Q&A with Micah Glenn

Q&A with Micah Glenn


Rev. Micah Glenn is the executive director of Lutheran Hope Center in Ferguson, Missouri. He is married to Deaconess Dorothy Glenn and they have three chil- dren: Jonathan (4), Talitha (2) and David (1).

Q: People today are hesitant to share beliefs or talk about faith because they are afraid of the conflict it might stir up. What do you see as the main challenges and opportunities for sharing faith in a tense political climate?

The first challenge for sharing faith in our political environment is how generalized and polarized these discussions become. If you’re pro-life you get labeled a woman-hater. If you believe in social programming for the underserved, then you’re an America-hating communist. This naturally prevents any worthwhile dialogue from taking place.

I also think people have a great fear of being exposed on mass level through social media.

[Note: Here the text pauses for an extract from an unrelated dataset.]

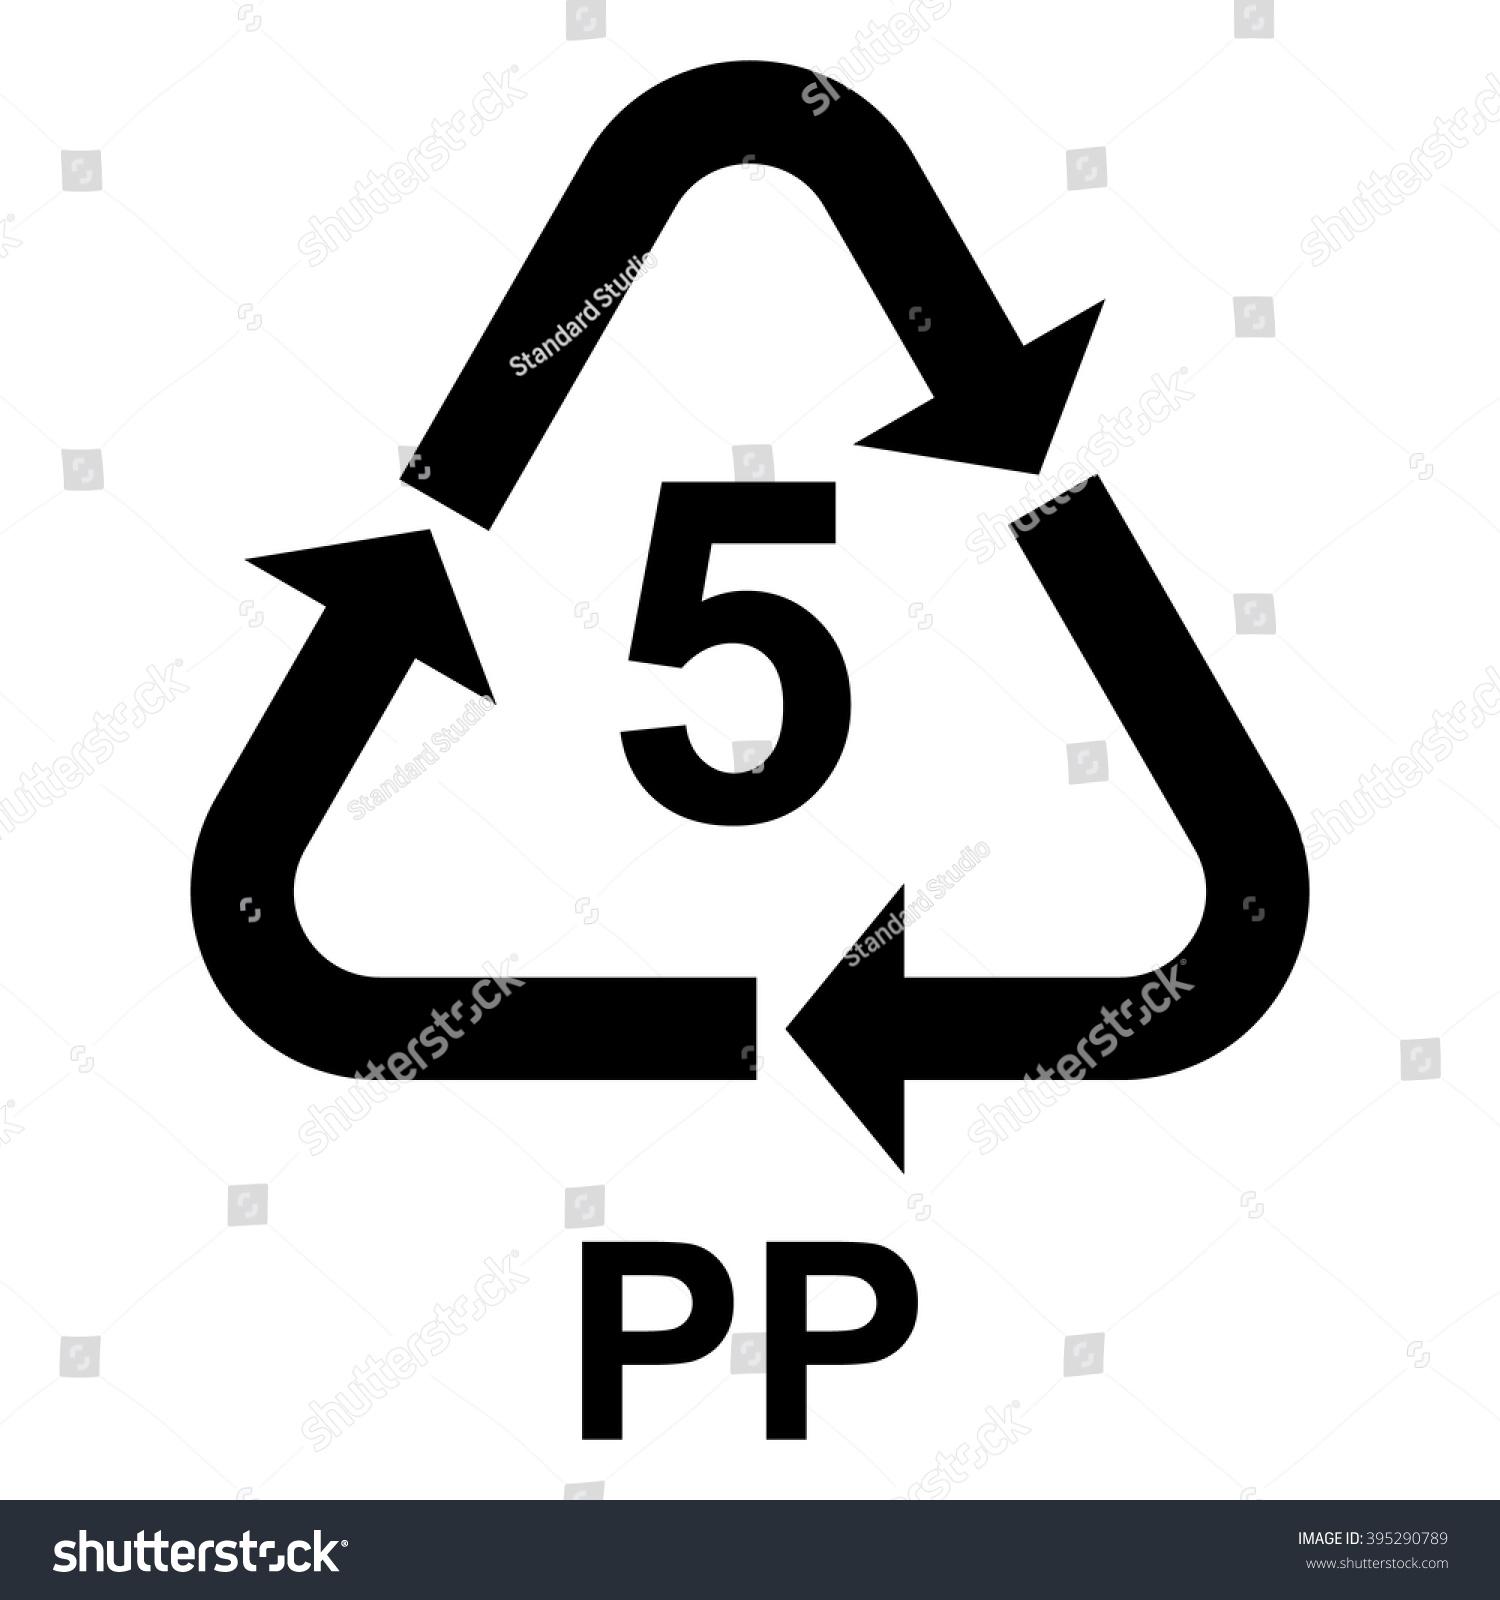 Plastic recycling symbol pp 5 plastic stock vector 395290789 plastic recycling symbol pp 5 plastic recycling code pp 5 vector illustration biocorpaavc

It’s difficult to have a private conversation with someone in public, when an eavesdropper can screenshot or video your conversation, put it on Twitter or Facebook and a few million people can see what you said in a matter of a couple days—and these platforms easily skew the context of what was said.

But the greatest challenge I find is that people sometimes let their political party dictate where they fall on faith topics of a social nature. Even if their confession of faith contradicts their political party, they are afraid of what their political comrades will think if they disagree on certain issues.

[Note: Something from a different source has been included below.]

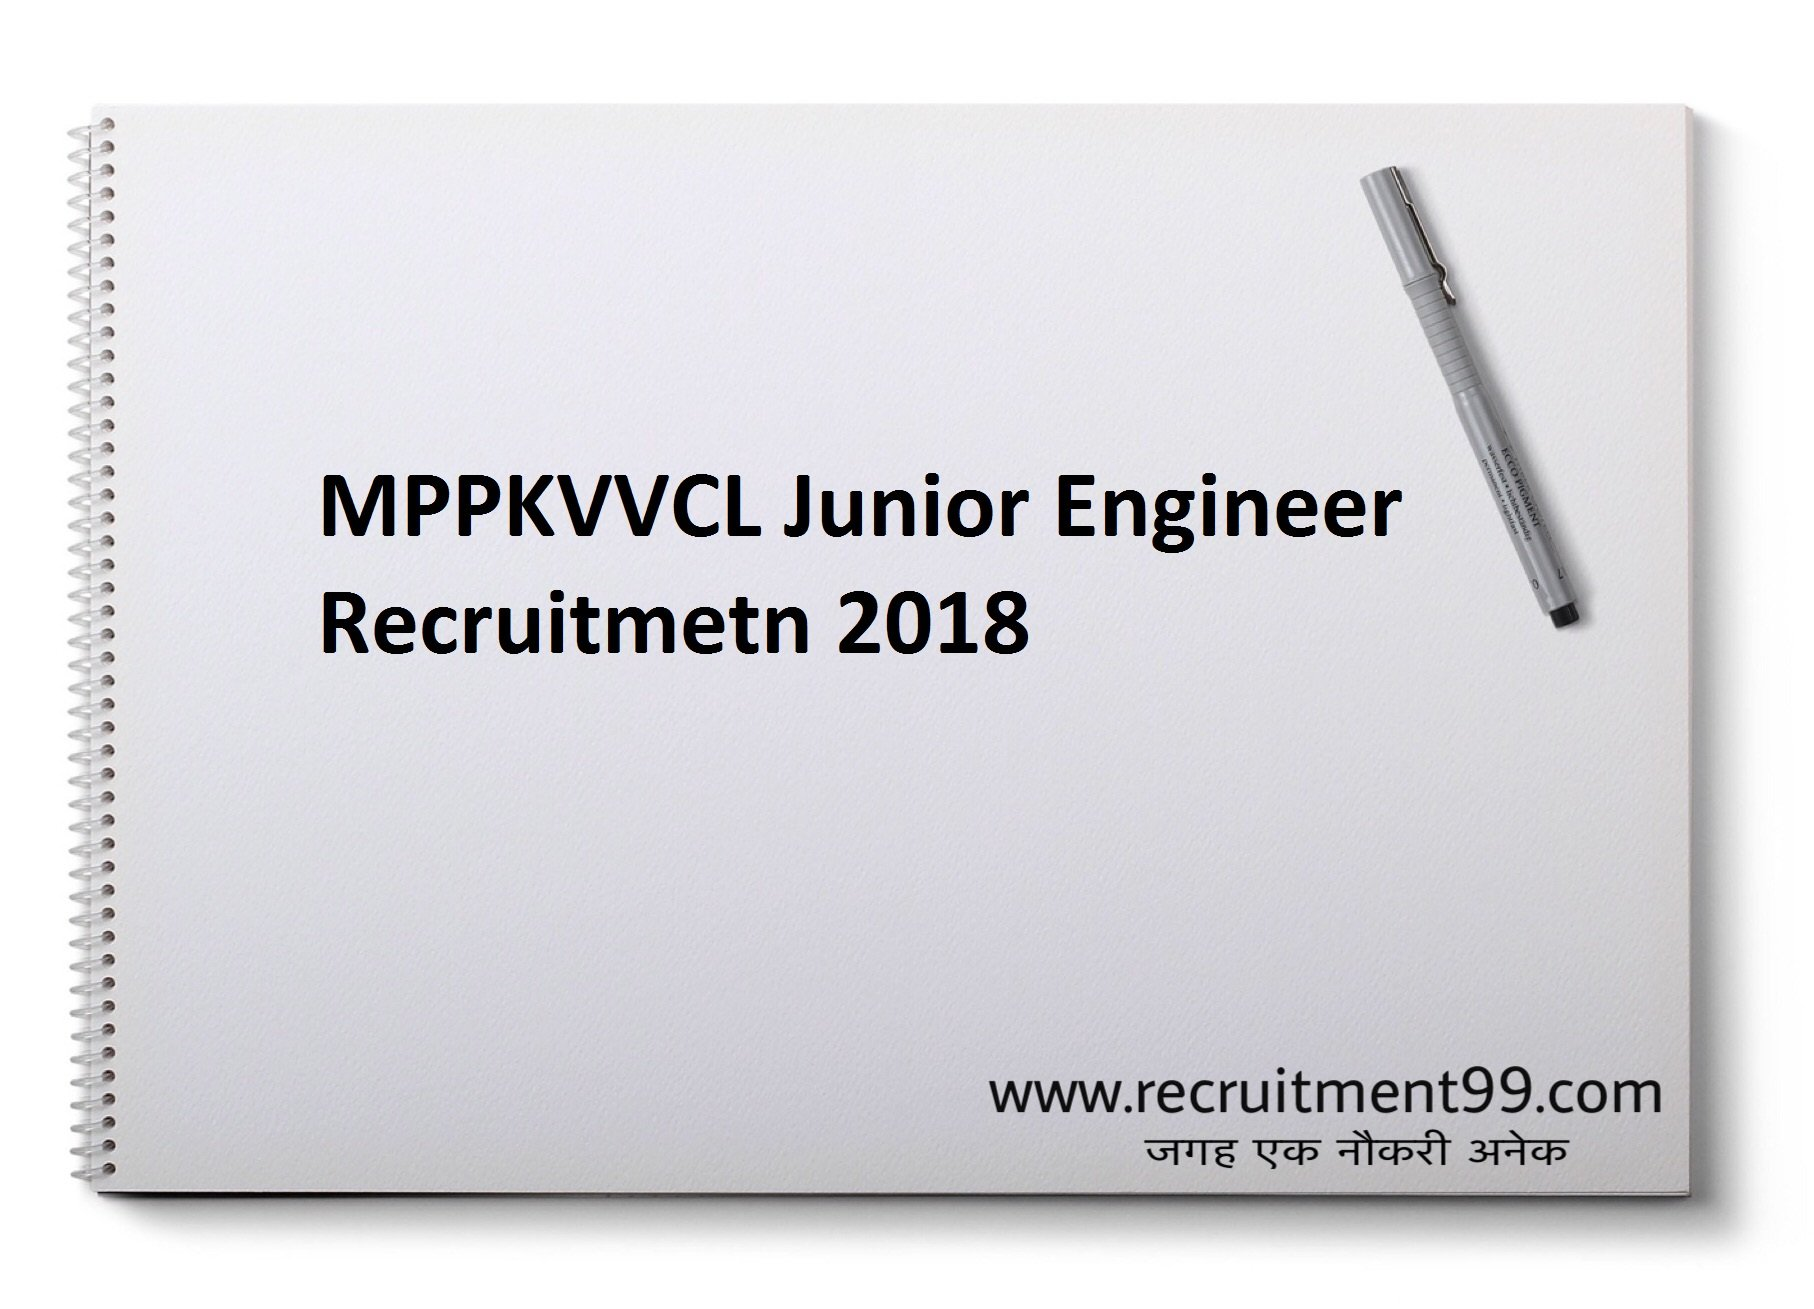 MPPKVVCL Junior Engineer Recruitment Admit Card Result 2018

Q: We were surprised to find that Millennials express more interest in spiritual conversations than older Americans. In your experience, what are the differences between spiritual conversations you have with youth and those you’ve had with adults? 02

Most of the conversations I have with youth are focused on how the word of God applies to their everyday life in response to what they see in the world. Youth I know want to be able to translate biblical themes into their different vocational contexts: school, work, friendships and so on. They want to know how to behave in a Christian manner toward people, especially people that are different from them, and so many of our spiritual conversations focus on love and compassion. They’re also thirsty for answers about the pain and suffering in the world. In all of these things, simple one-word answers—like saying it’s because of sin or the Fall—are unacceptable. You have to be willing to dig deeply into these conversation.

The conversations I have with older adults lean toward apologetics. Youth care about apologetics, but in my experience not nearly as much as their parents do. These conversations take many forms, but usually they move in a direction of examining the problem, then applying an answer, whether the answer requires further research or they already have the solution at hand. Conversations with older adults are also tinged with concerns about legacy. They want the next generation to be passionate about the things they think are most important, so that faith will be passed on from generation to generation.

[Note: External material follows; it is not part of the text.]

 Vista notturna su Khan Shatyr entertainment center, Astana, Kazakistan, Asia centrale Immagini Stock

Q: You work in a culturally and ethnically diverse area. Do you notice unique characteristics in how different communities approach spiritual conversations and topics?

In my experience, white Christians tend to be far more worried than black Christians about offending someone, especially a person they don’t know, in a faith conversation. Of course outliers exist in both ethnic groups, but more often than not when I’m having a conversation with a black person, there just aren’t any taboo topics.

Other great differences are between socioeconomic groups. It can be difficult and somewhat insensitive to talk to someone about the eternal prosperity to come when Jesus returns when the person you’re talking to is worried about where they will sleep or what they are going to eat. For those of us who are well fed and fairly paid with benefits, the future glory of God’s kingdom is something we can easily look forward to. It is more than possible, of course, to experience joy and peace even when one’s basic needs aren’t met, but those of us who don’t struggle to make ends meet should be humble and sensitive about how we challenge those who do.